The Best Homemade Sourdough Bread

One year ago this month, I embarked upon a journey into the wonderful world of Sourdough. It was almost as if I had a vision that in a few months, the whole world would be making homemade bread while in the 2020 quarantine. There have been many versions of this recipe – at one point, I simply gave up and tossed my starter in the refrigerator for three months.

But alas – I never gave up on creating the kind of Sourdough that I would buy in a Deli.

This is it...


R E C I P E

Gather Your Tools:

  1. You must have an established Sourdough Starter for this recipe. If you would like to learn how to create one, visit my Instagram Account and watch my Starter Highlight.
  2. A medium Bowl
  3. A Dutch Oven or a Pot with lid
  4. Flour (can be any type – I used All Purpose Flour)
  5. Pink Himalayan Sea Salt
  6. Filtered Water
  7. Parchment Paper (not required)
  8. Sharp Knife
  9. Cornmeal (not required)
  10. Wooden Spoon
  11. Proofing Basket (if you have one)
  12. Towel

Ingredients:

1/2 cup of Active Sourdough Starter

2 cups Flour

1 1/4 cup Lukewarm Water

3 cups Flour

1 1/2 teaspoons of Fine Sea Salt



Instructions:

Do this in the evening so that it has a chance to rise for about 12 hours

In a bowl, mix starter & water together

Work in flour & salt with a fork

Cover with a towel for 30 minutes

Carefully fold into a ball

Cover with a damp cloth & allow to rise overnight in a warm spot

After about 12 hours, pull out dough and reshape it into a ball, being very careful not to deflate the sourdough bubbles

Place on a lightly floured flat surface and allow to set up for 15 minutes

Reshape once again & flour it so that it will not stick

If you have a proofing basket, place seam side up, or simply place in a bowl & cover again for 2-3 hours (you want it to double in size, so keep an eye on it)

Preheat your oven to 450 degrees with Dutch Oven inside to get it nice and hot

If you have Cornmeal, place some in the bottom of your Dutch Oven to keep it from burning

Carefully remove your dough & plop into cookware.
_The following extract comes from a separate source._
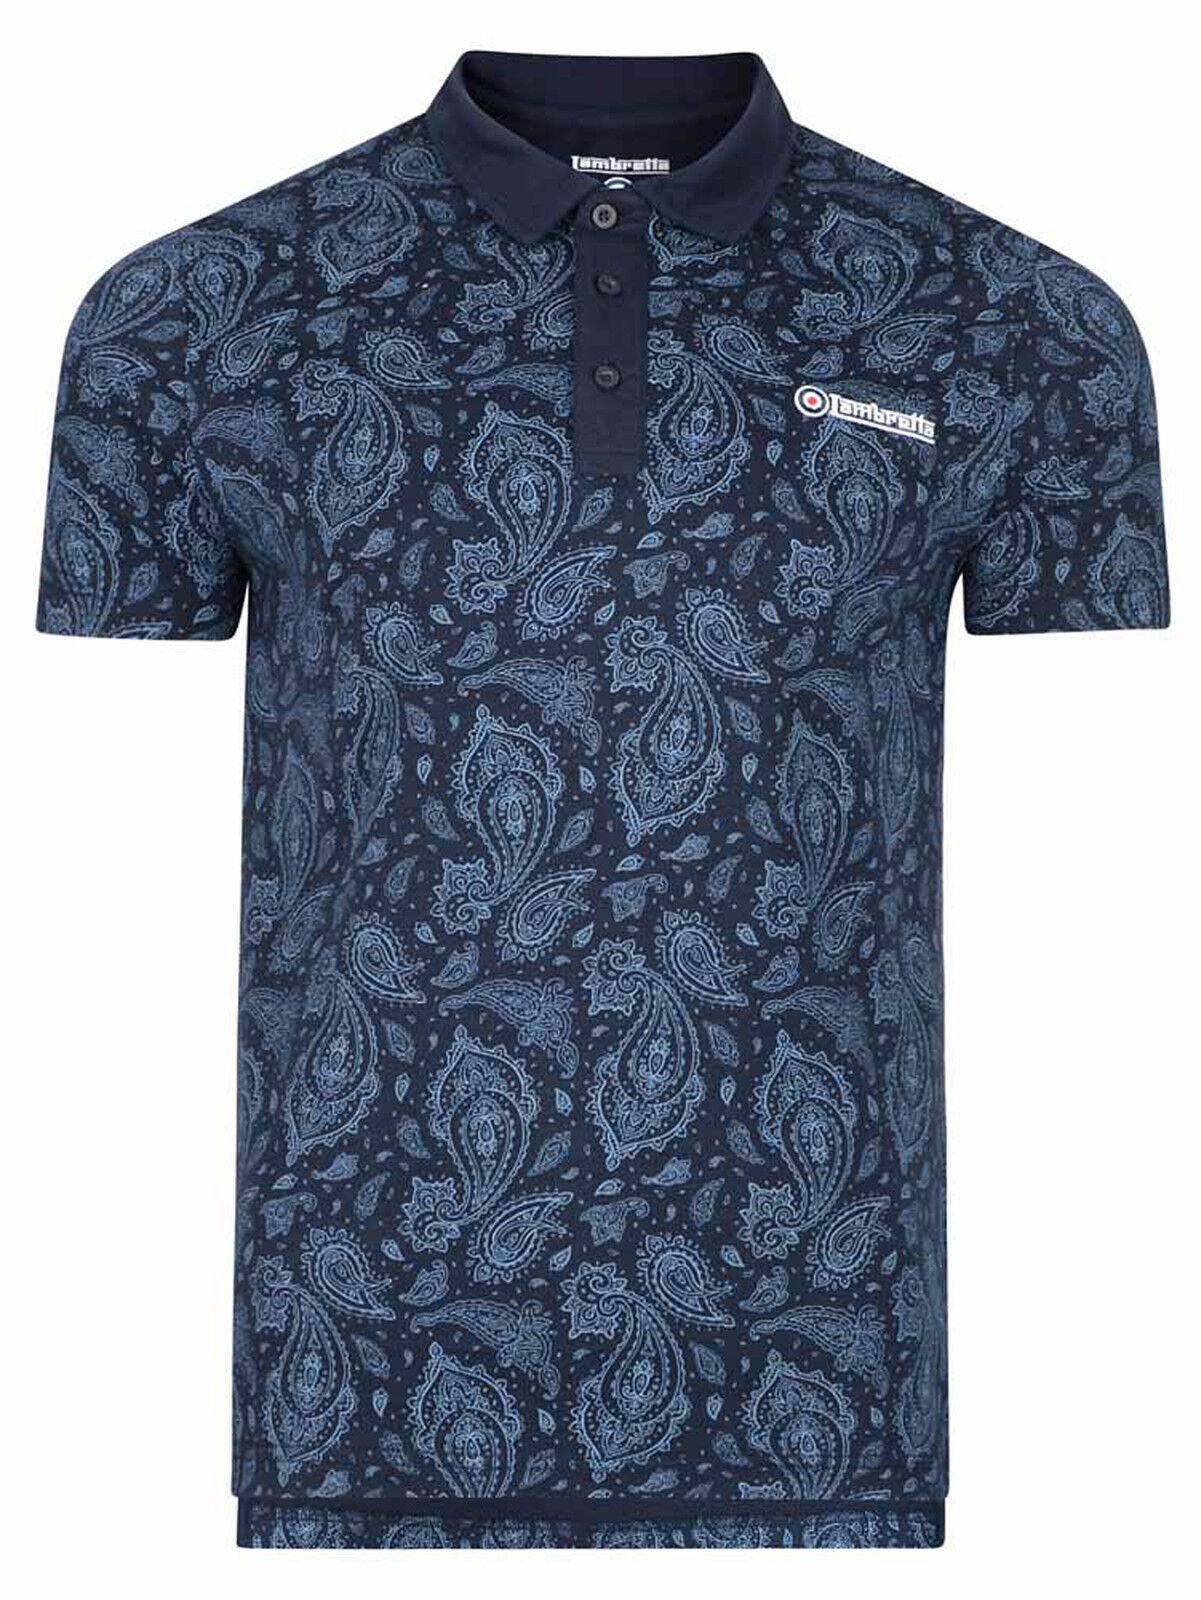 Mens Lambretta Retro style Polo Shirts Summer Casual Top Tee Shirt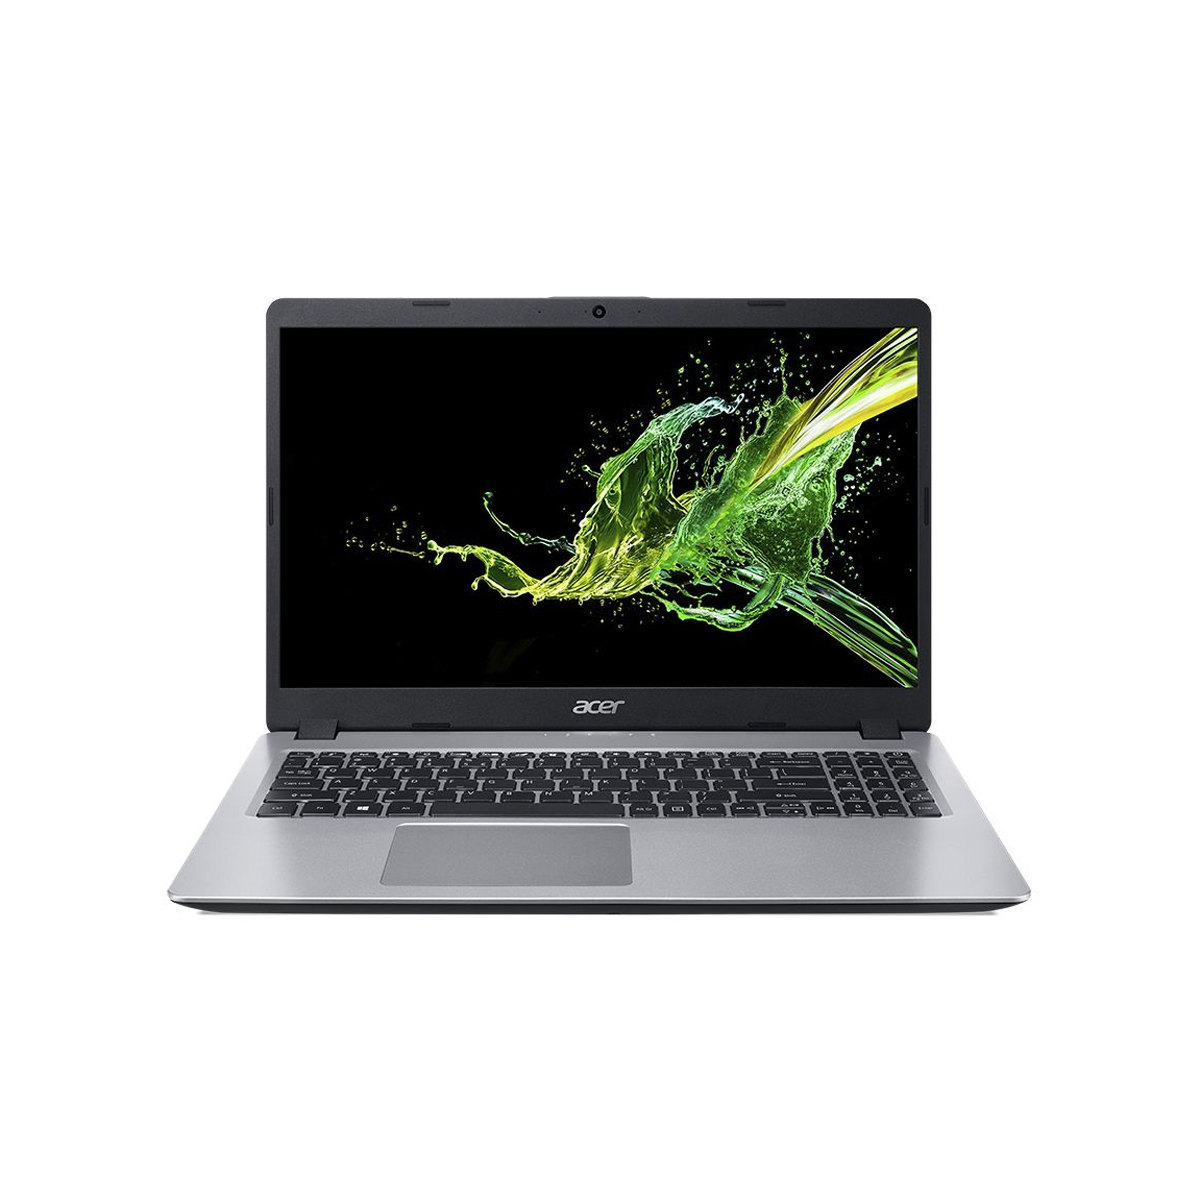 Notebook Acer A515 Core I5 8265u Memoria 8gb Ddr4 Ssd 120gb Tela 15.6' Led Hd Sistema Windows 10 Home

If you have it, you can use a square of Parchment Paper

With a sharp knife, slice a few slits into the top (get fancy if you can – a pretty leaf or design can look very festive)

Bake for 20 minutes with the lid on

Remove lid and continue baking for an additional 30 minutes

Check for consistency – you can continue baking until desired color

Your bread should come out with a golden, cracked top and a thick crust

If you bake this bread from scratch, let me know how it turned out! Enjoy!!